Line by line, return the listing exactly, without any of the images.
=== Exercise data ===
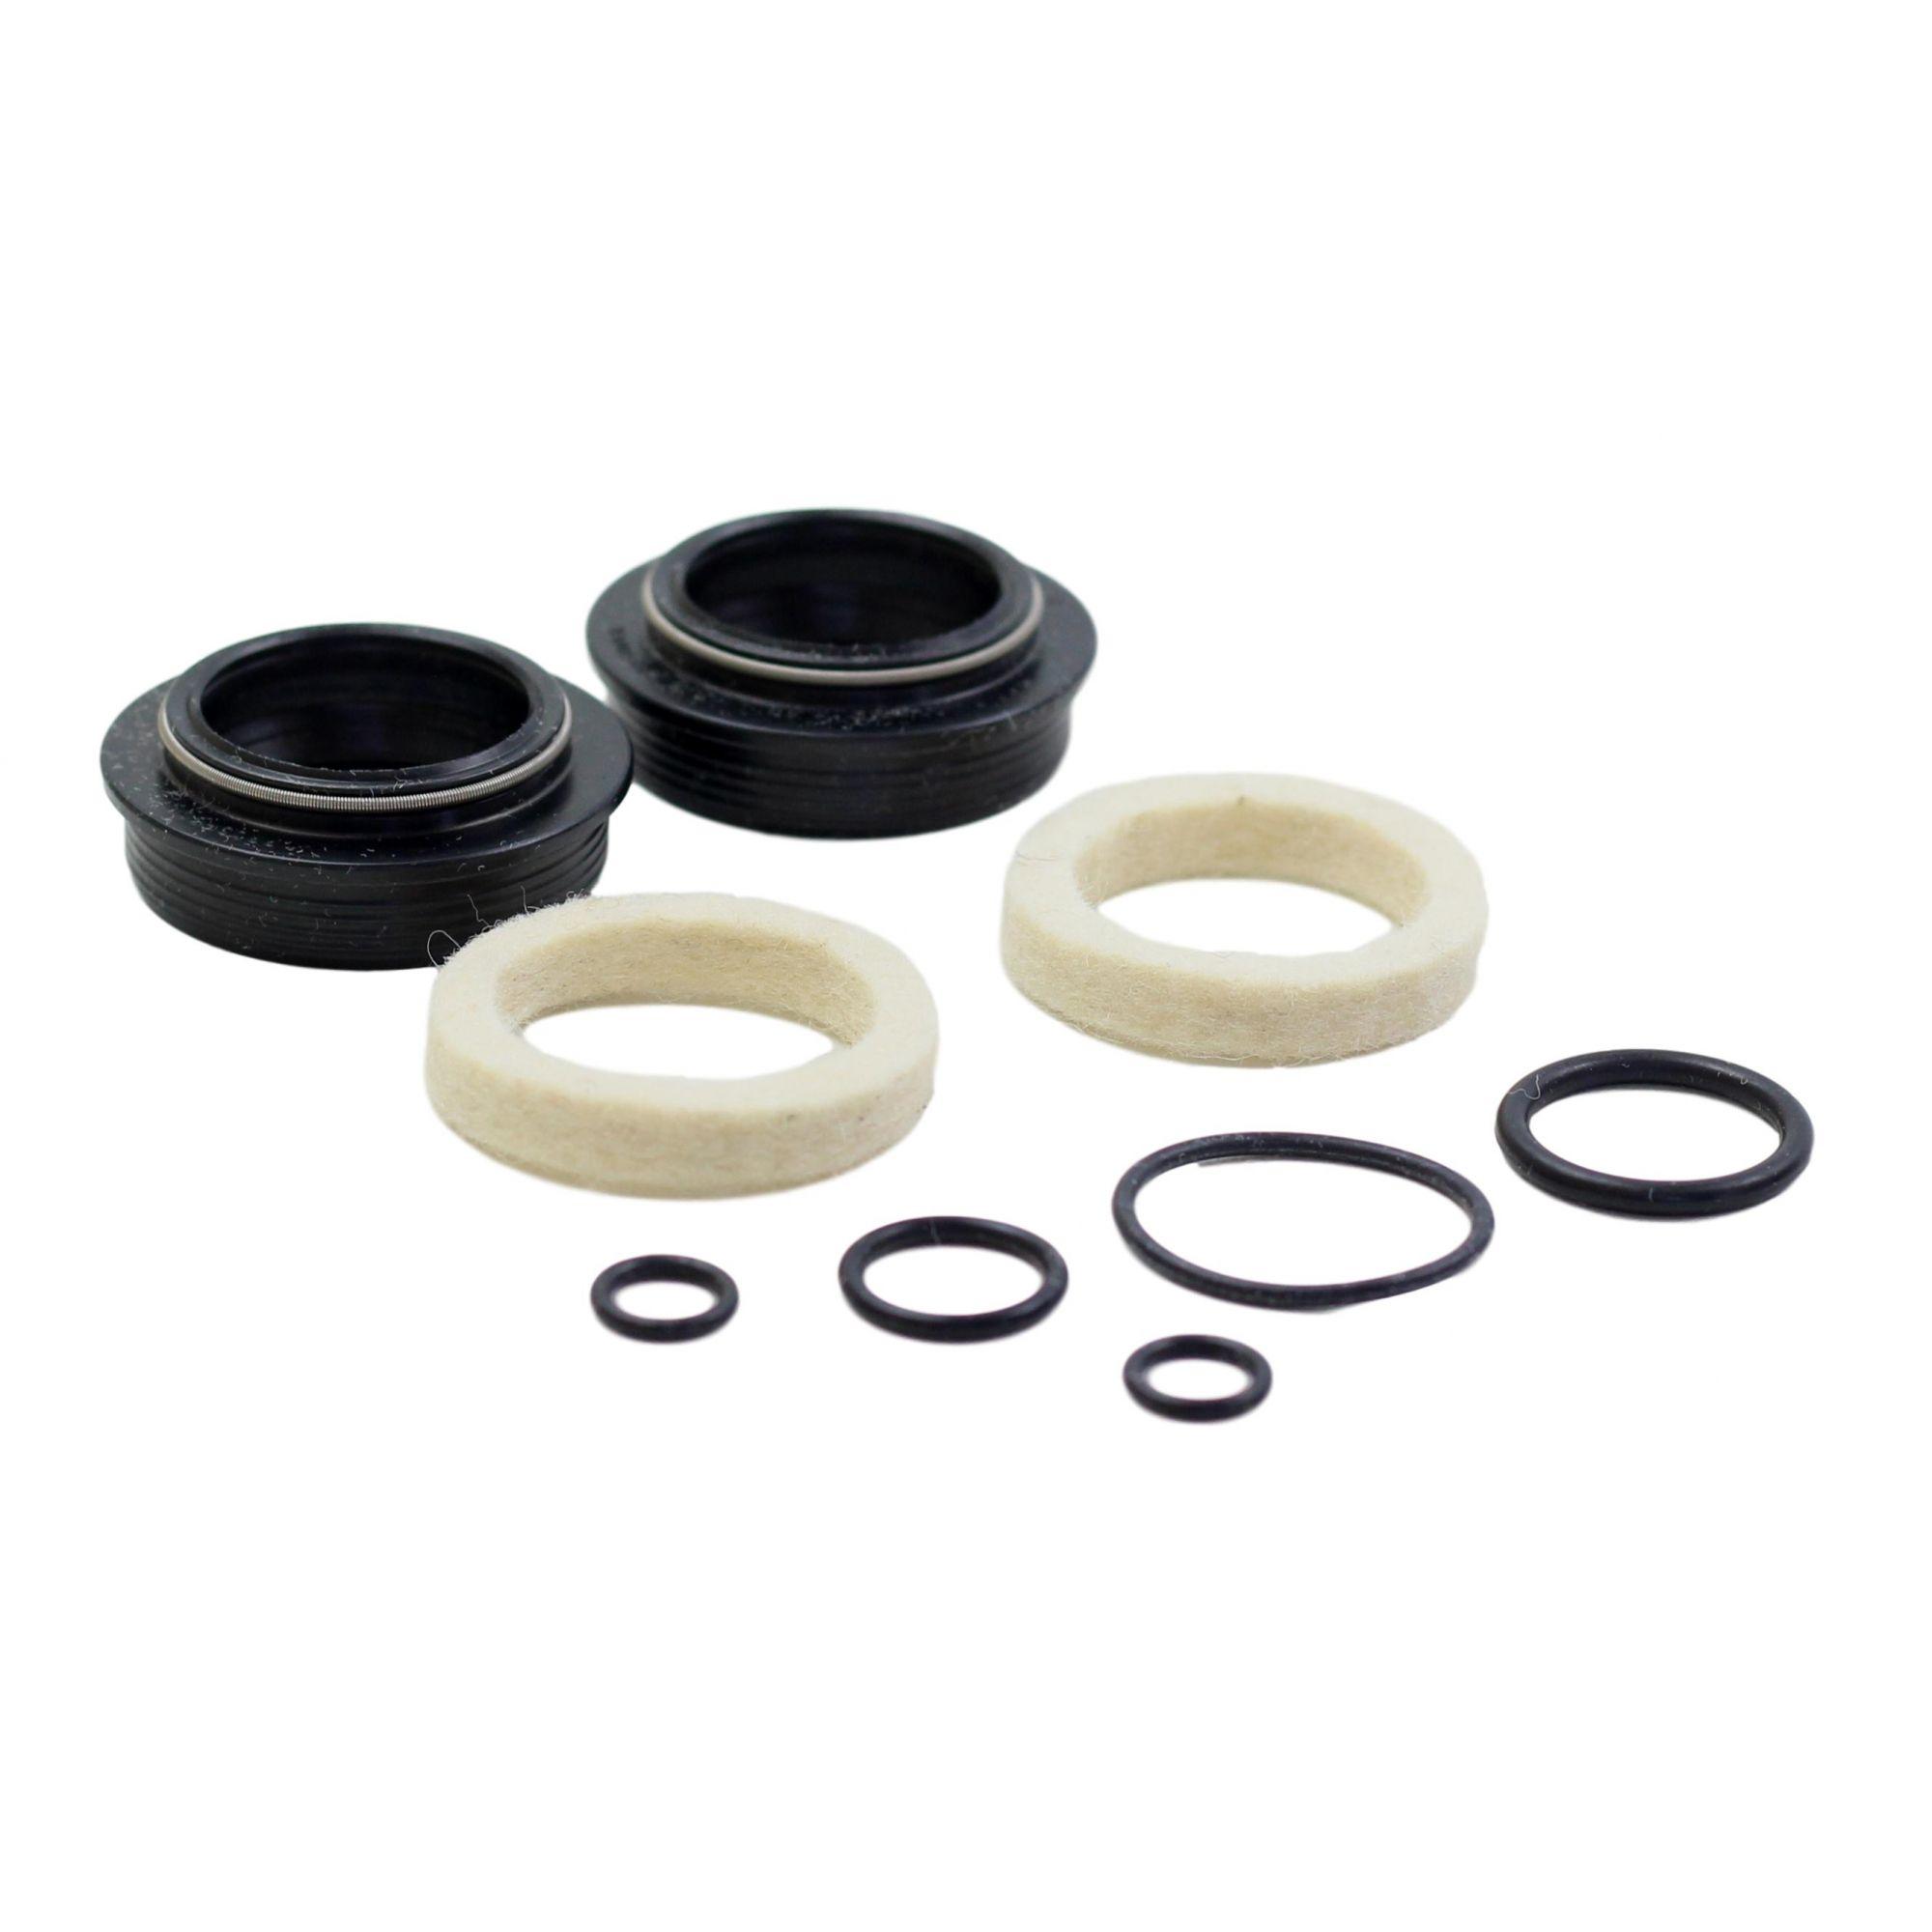 Kit De Retentores Proshock Vedação Basica Para Suspensões Onix Ultra 28mm
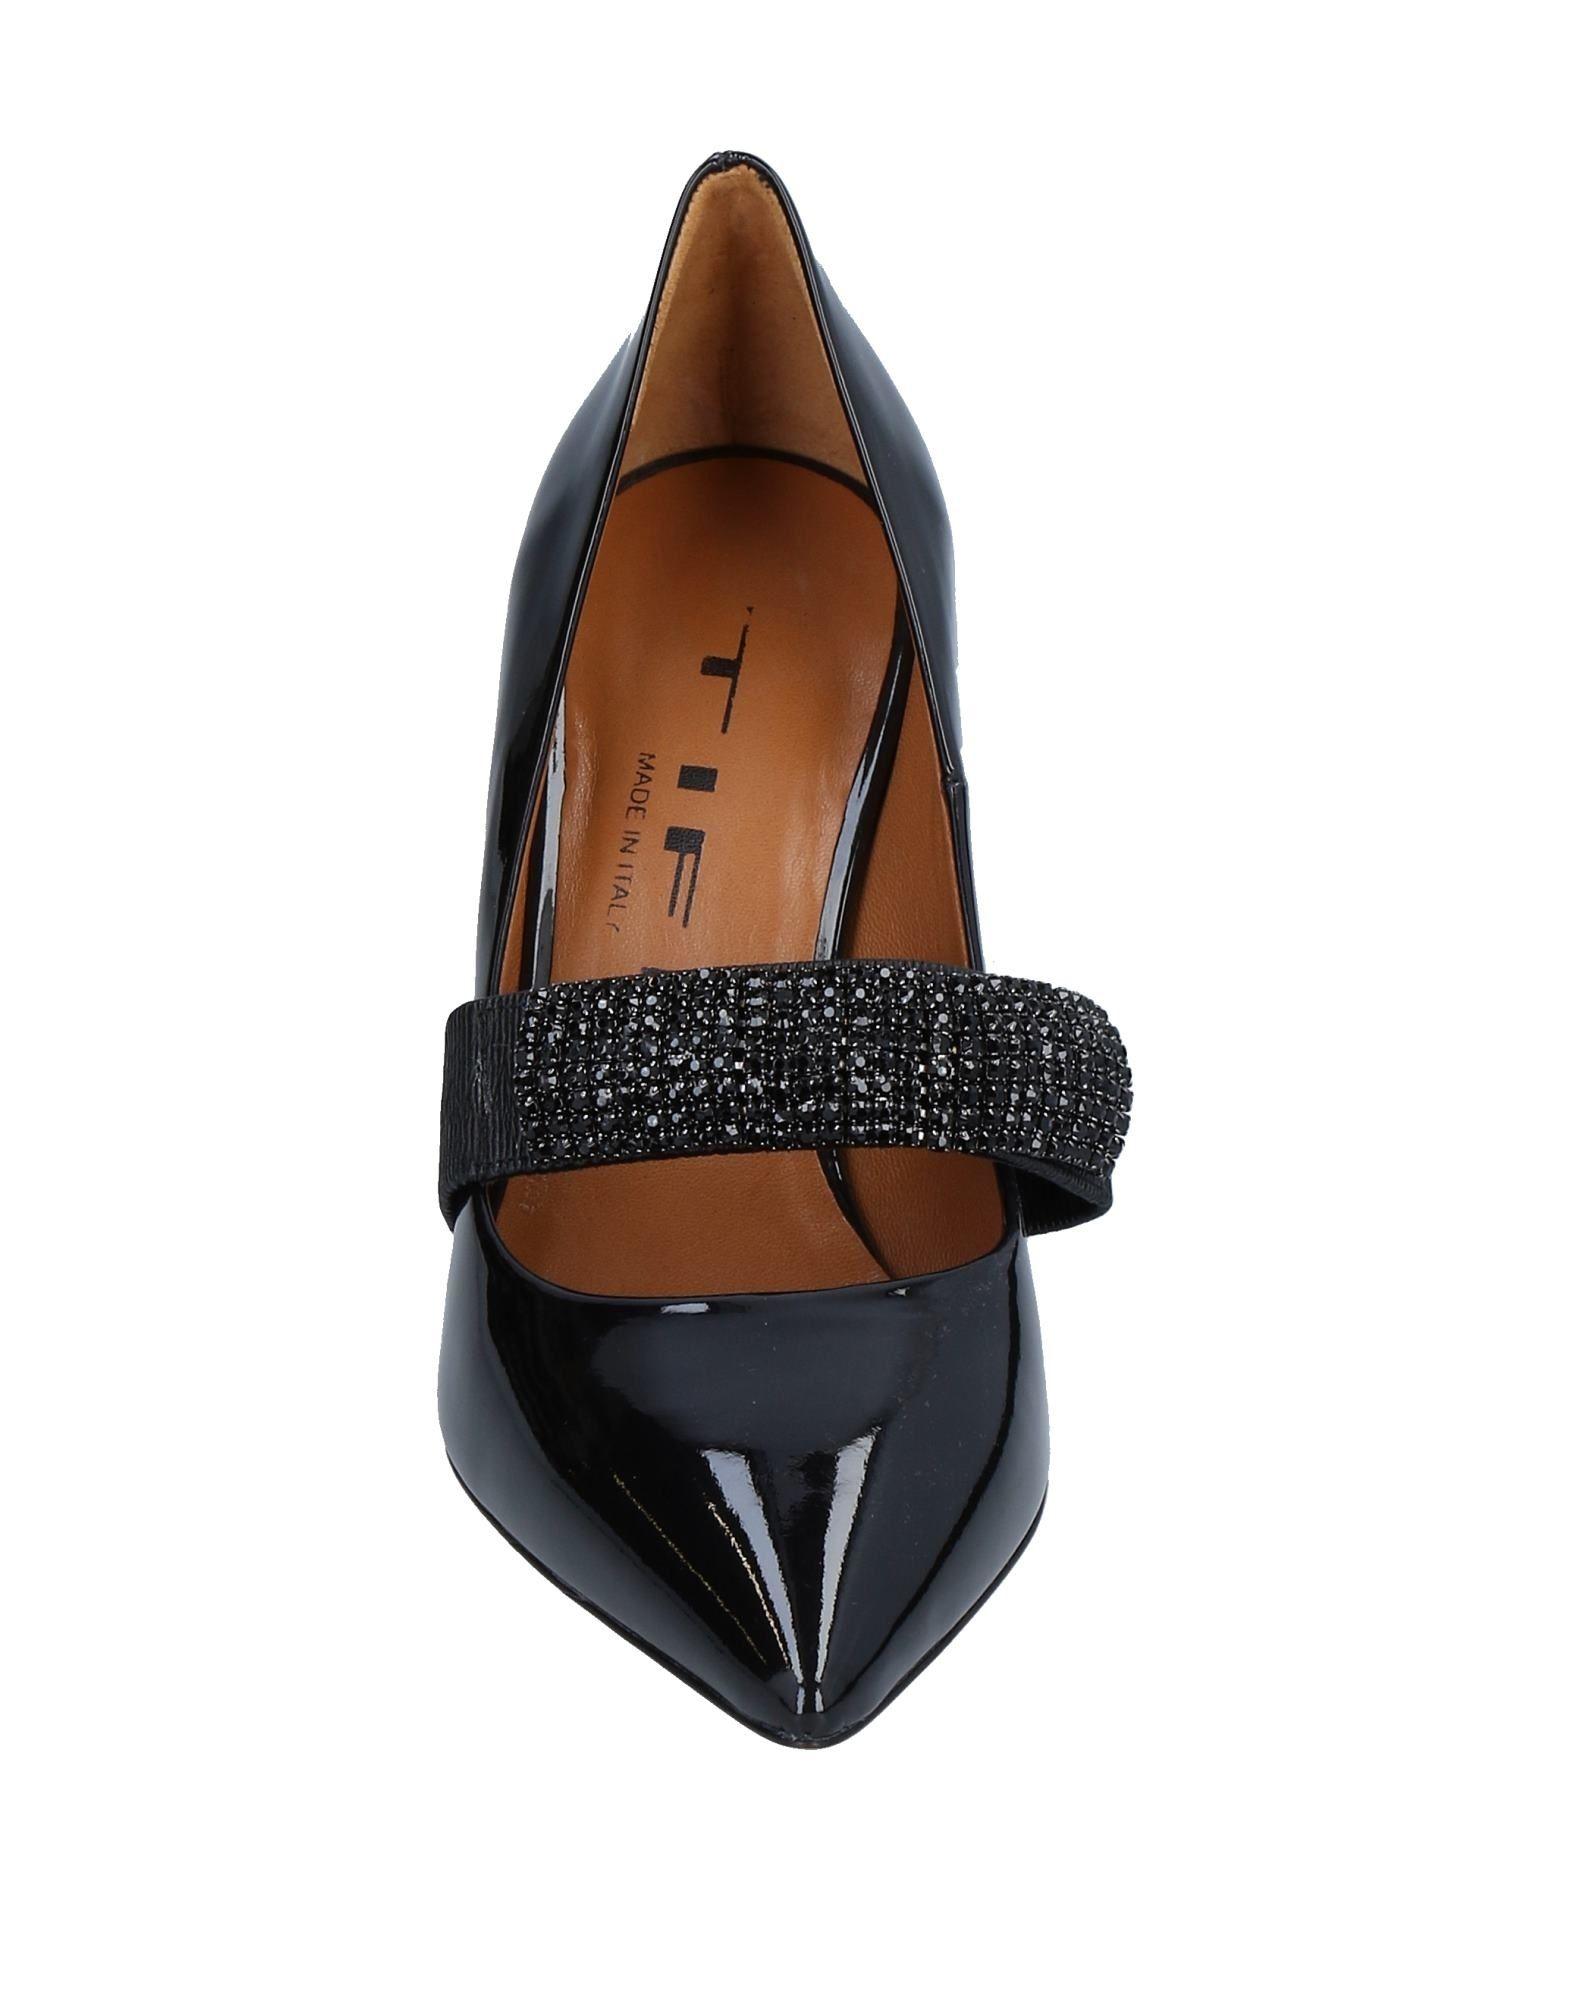 Tiffi Pumps Damen  11521947DH Schuhe Gute Qualität beliebte Schuhe 11521947DH a64520
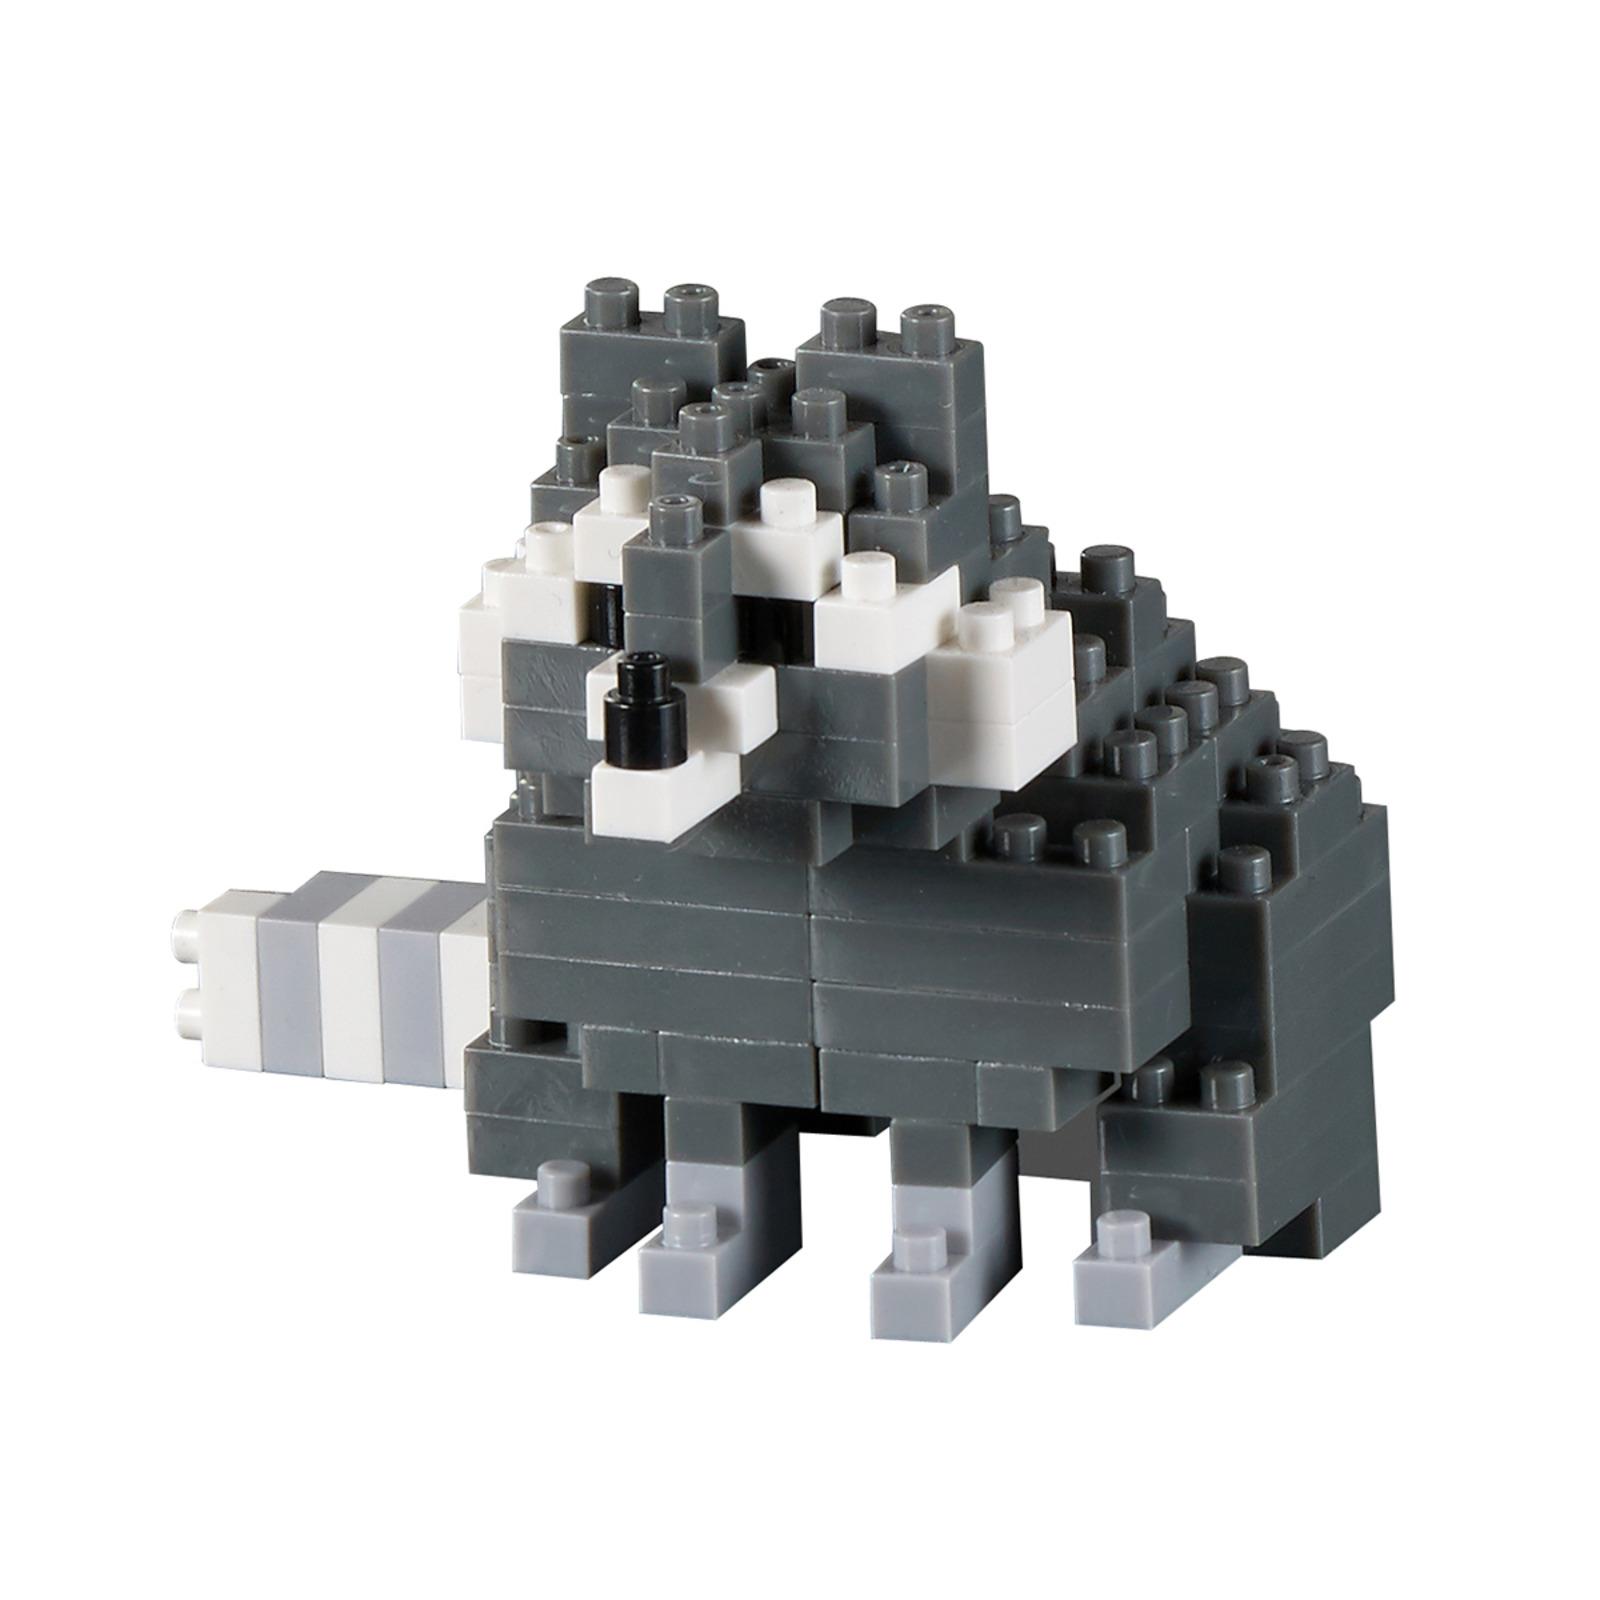 Brixies Raccoon (200.131)
===
◆ Your solution
 Kit De Retentores Proshock Vedação Basica Para Suspensões Onix Ultra 28mm
 Tiffi Pumps Damen  11521947DH Schuhe Gute Qualität beliebte Schuhe 11521947DH a64520
 Brixies Raccoon (200.131)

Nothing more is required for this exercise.